What are the lines below, starting at the line containing "Italia, Sicilia, Catania, ciudad" and ending at the line containing "Patois servet Spektakel"? Write them out exactly, ends included, without pictures.

▸ **Data for analysis**
____________

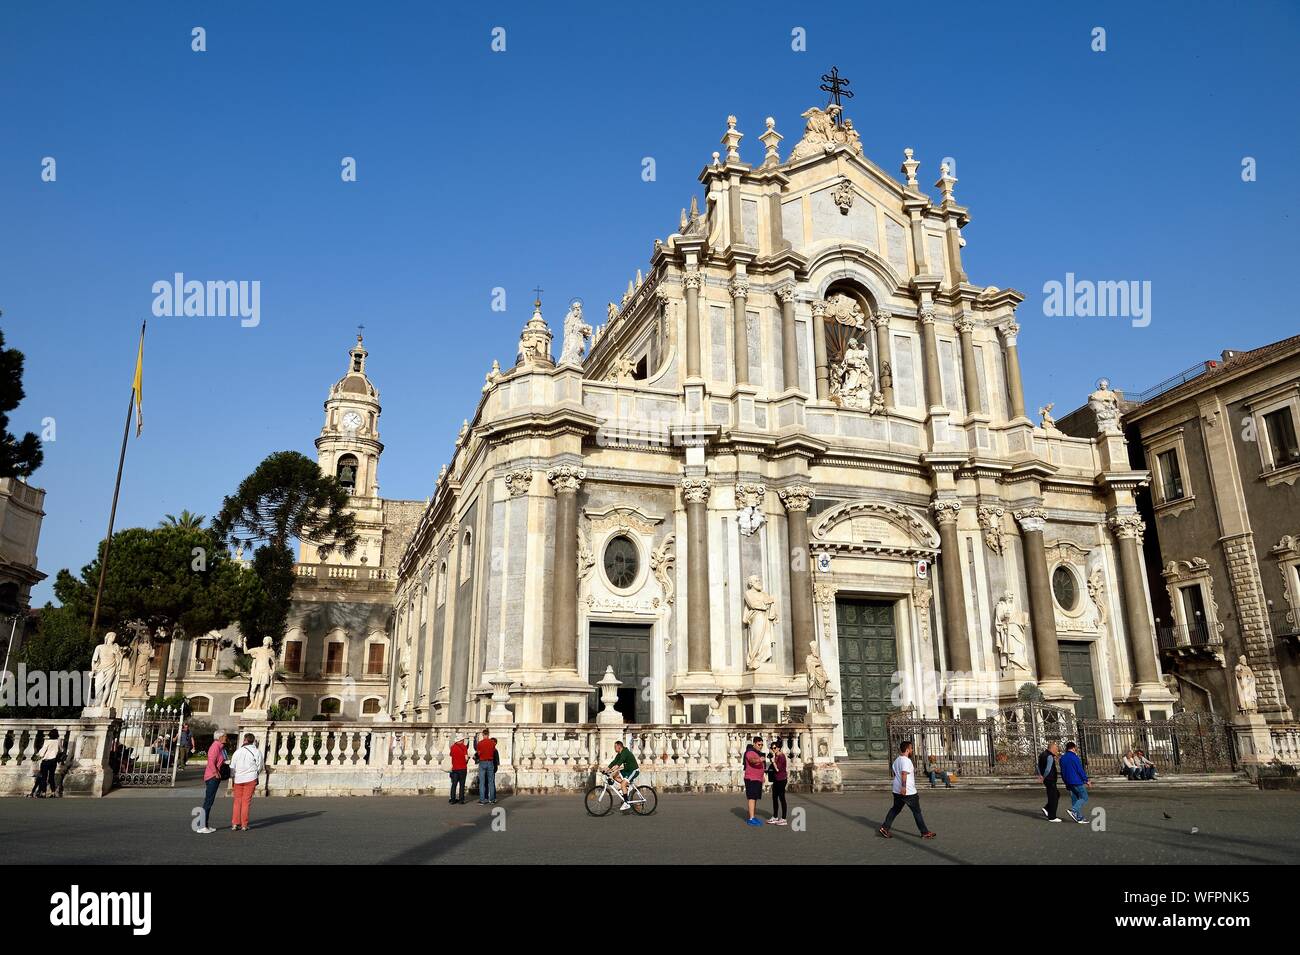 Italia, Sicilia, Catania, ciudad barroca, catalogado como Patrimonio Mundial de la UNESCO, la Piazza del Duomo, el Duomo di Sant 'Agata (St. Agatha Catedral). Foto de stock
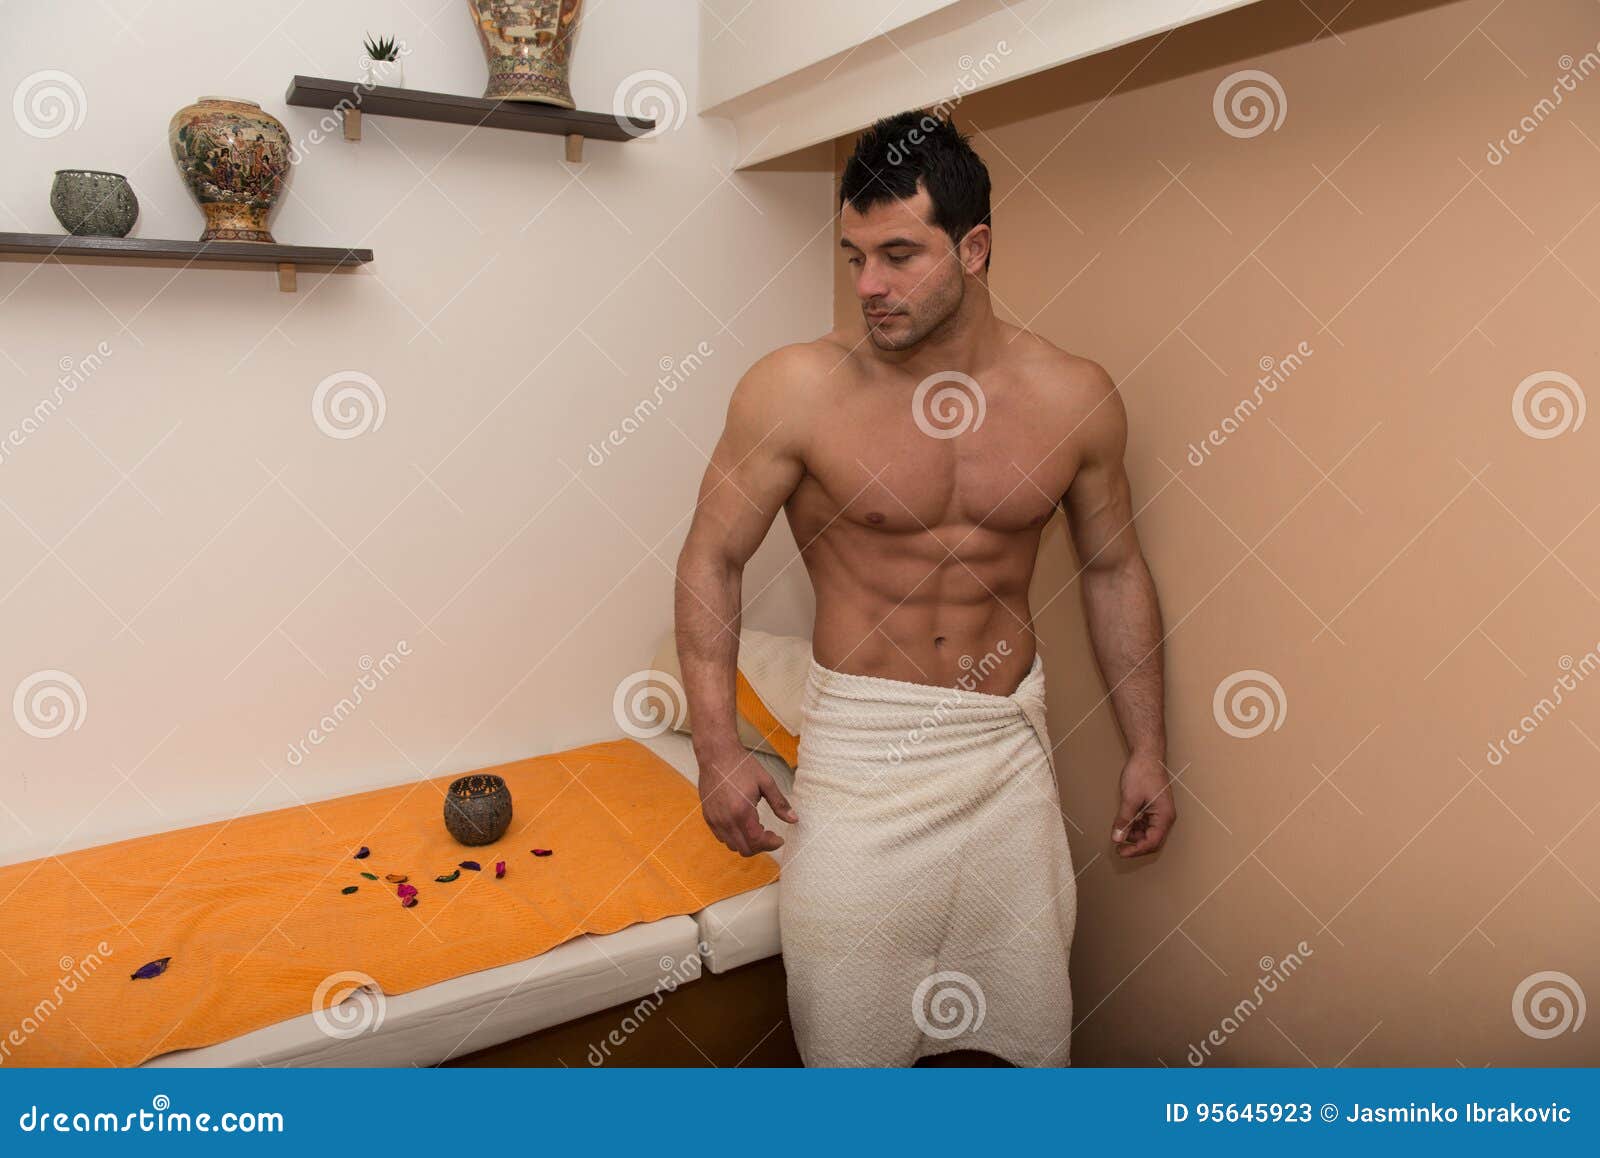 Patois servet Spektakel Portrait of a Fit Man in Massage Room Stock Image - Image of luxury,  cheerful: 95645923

____________

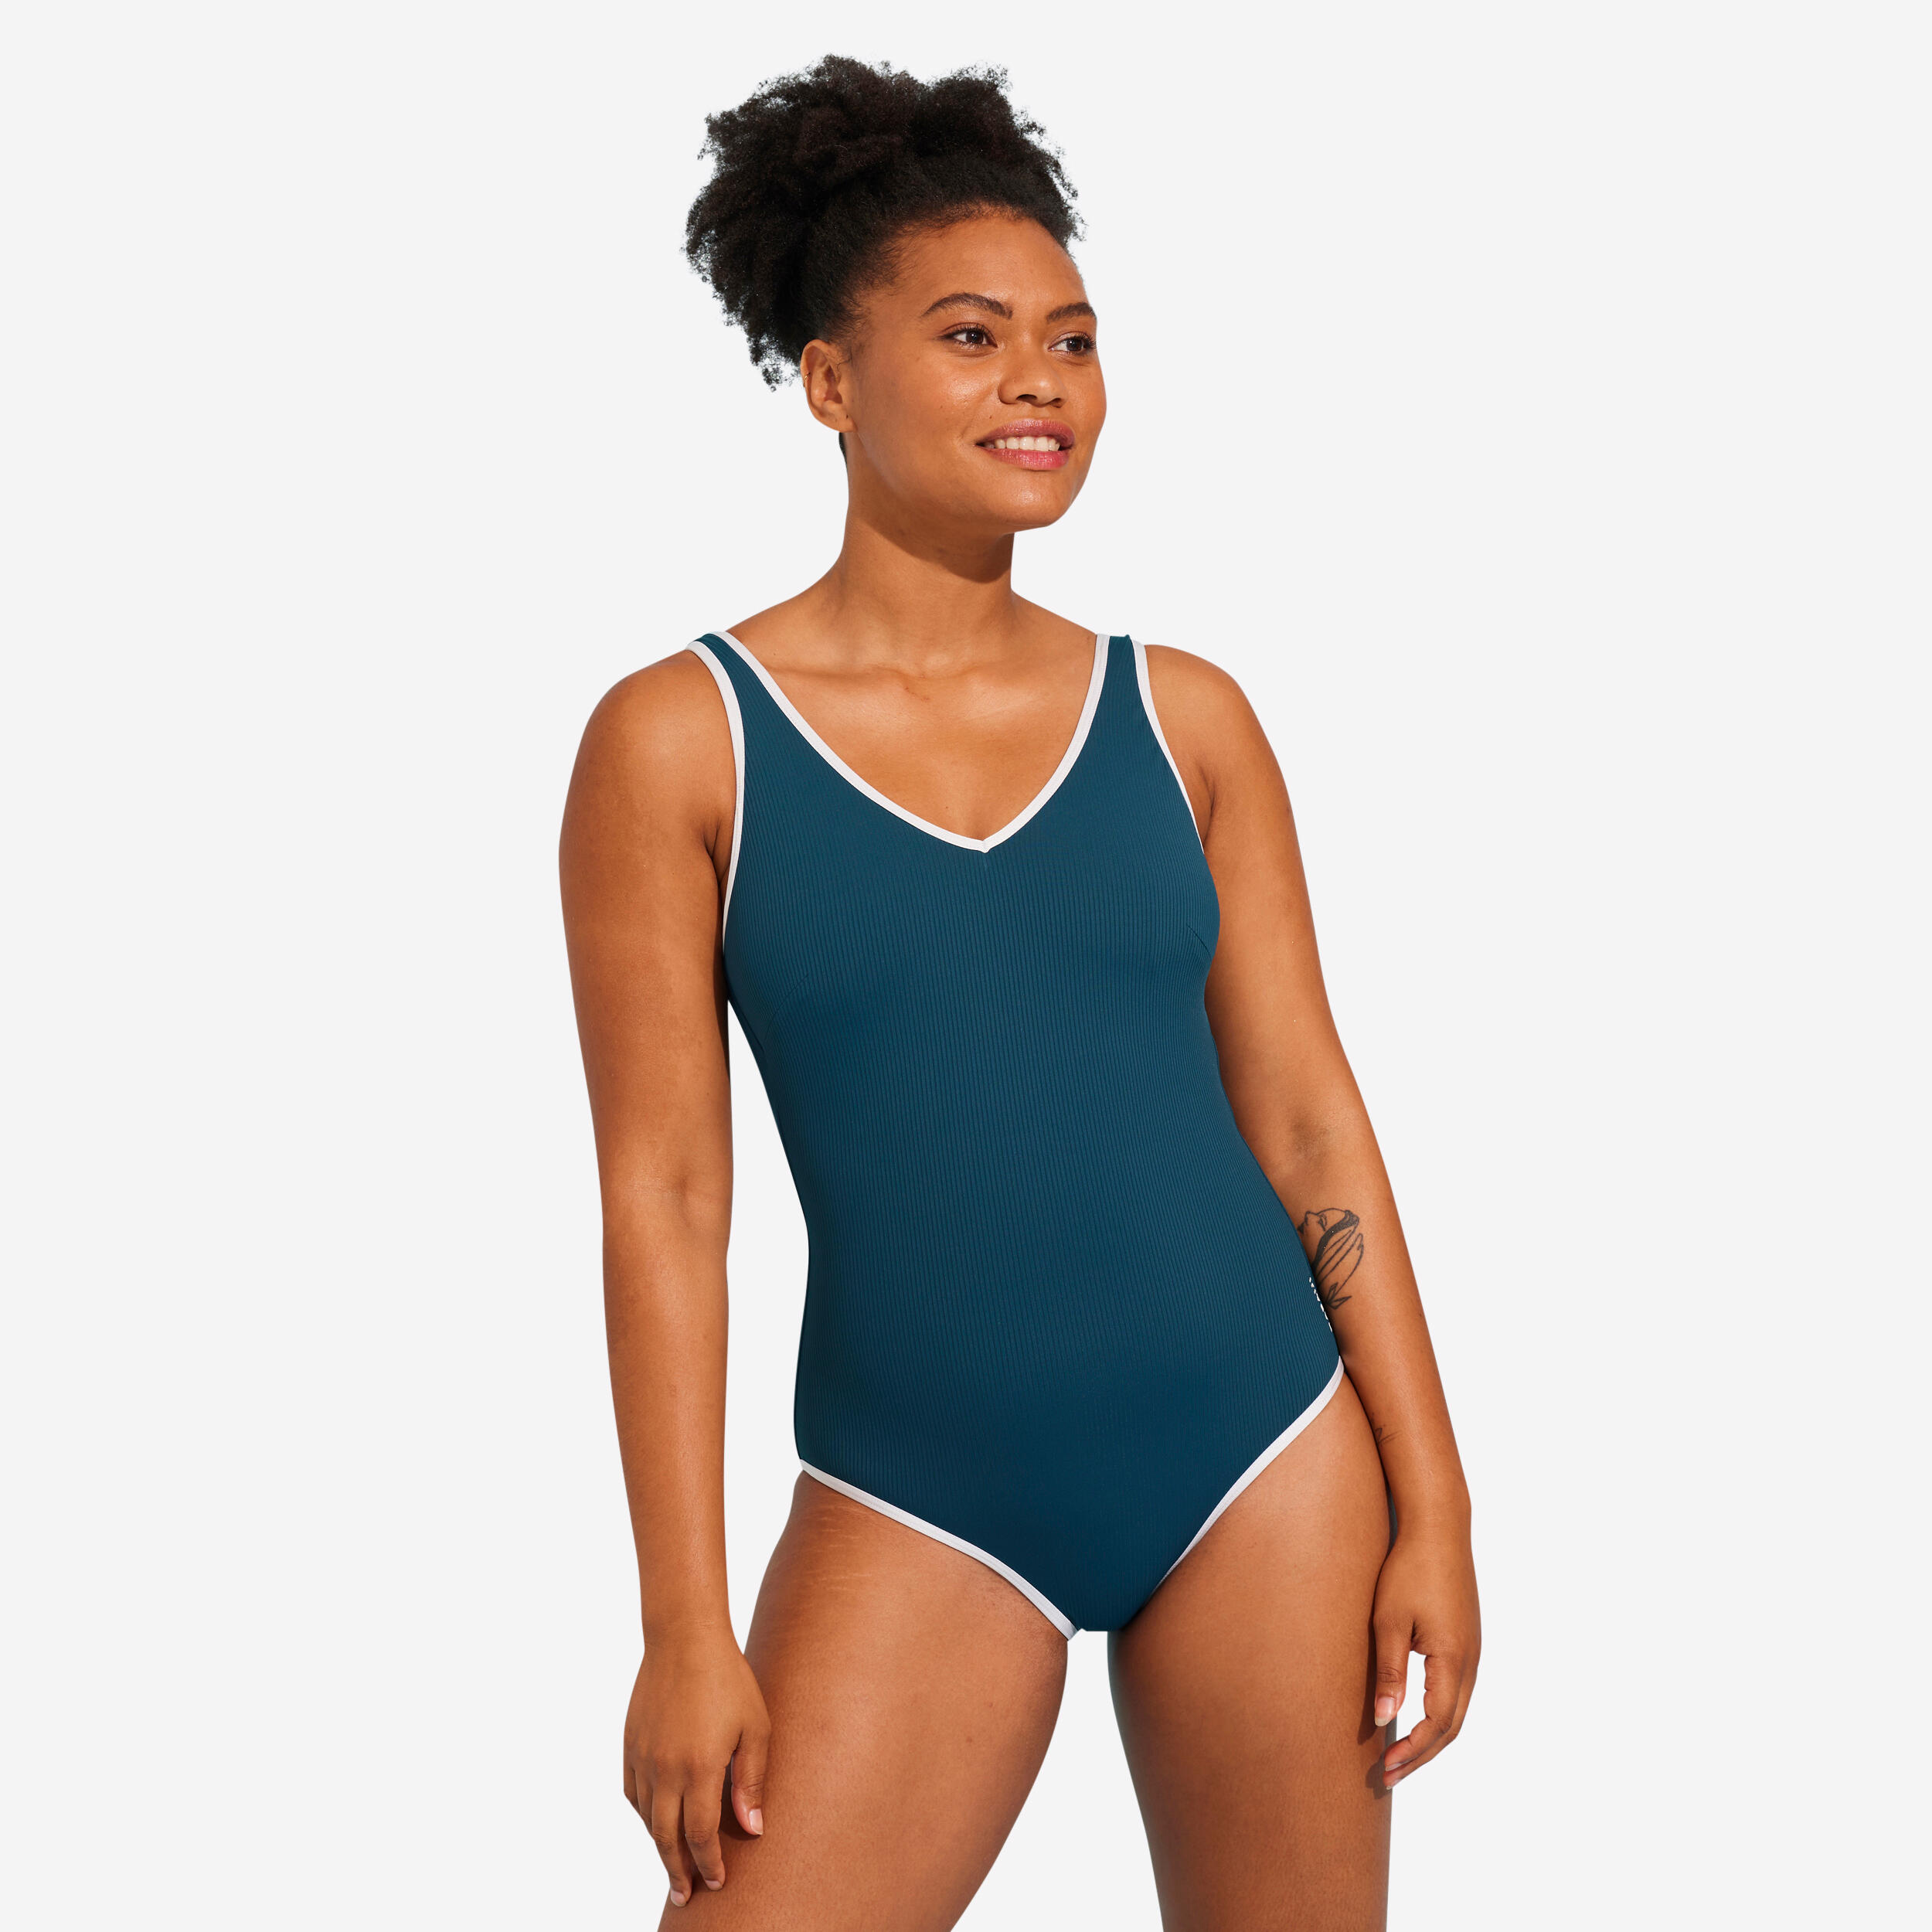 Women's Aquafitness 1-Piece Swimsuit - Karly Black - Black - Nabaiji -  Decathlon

____________

▸ **Answer for this exercise**
 Italia, Sicilia, Catania, ciudad barroca, catalogado como Patrimonio Mundial de la UNESCO, la Piazza del Duomo, el Duomo di Sant 'Agata (St. Agatha Catedral). Foto de stock
 Patois servet Spektakel Portrait of a Fit Man in Massage Room Stock Image - Image of luxury,  cheerful: 95645923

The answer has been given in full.